How to Build a Web Scraper using JavaScript

...

If you want to collect data from the web, you’ll come across a lot of resources teaching you how to do this using more established back-end tools like Python or PHP. But there’s a lot less guidance out there for the new kid on the block, Node.js.

Thanks to Node.js, JavaScript is a great language to use for a web scraper: not only is Node fast, but you’ll likely end up using a lot of the same methods you’re used to from querying the DOM with front-end JavaScript. Node.js has tools for querying both static and dynamic web pages, and it is well-integrated with lots of useful APIs, node modules and more.

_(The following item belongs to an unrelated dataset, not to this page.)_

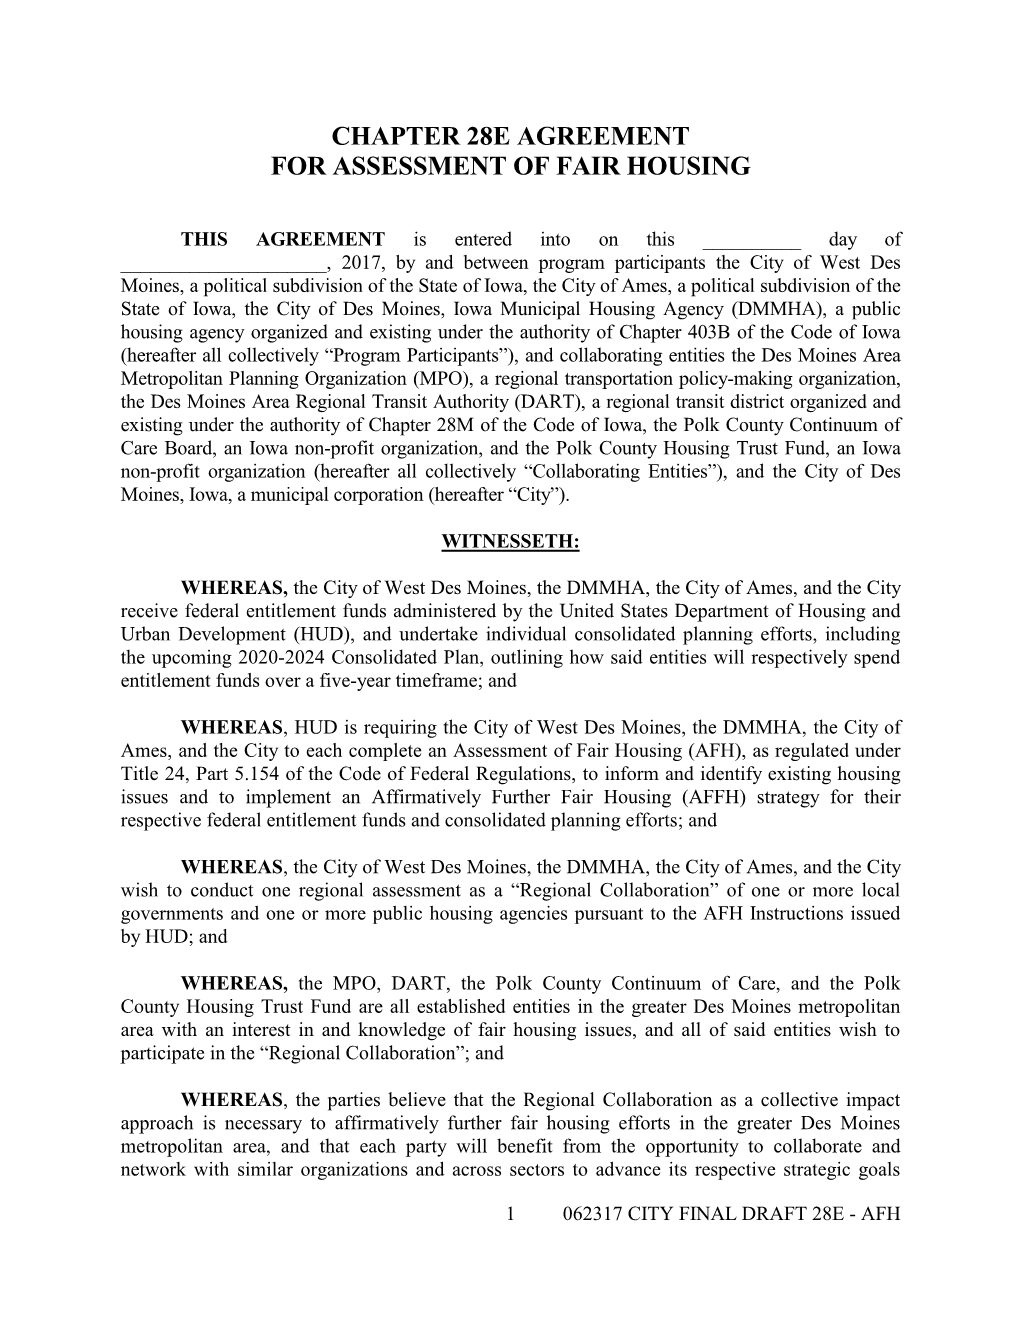 Chapter 28E Agreement for Assessment of Fair Housing

In this article, I’ll walk through a powerful way to use JavaScript to build a web scraper. We’ll also explore one of the key concepts useful for writing robust data-fetching code: asynchronous code.

Asynchronous Code

Fetching data is often one of the first times beginners encounter asynchronous code. By default, JavaScript is synchronous, meaning that events are executed line-by-line. Whenever a function is called, the program waits until the function is returned before moving on to the next line of code.

But fetching data generally involves asynchronous code. Such code is removed from the regular stream of synchronous events, allowing the synchronous code to execute while the asynchronous code waits for something to occur: fetching data from a website, for example.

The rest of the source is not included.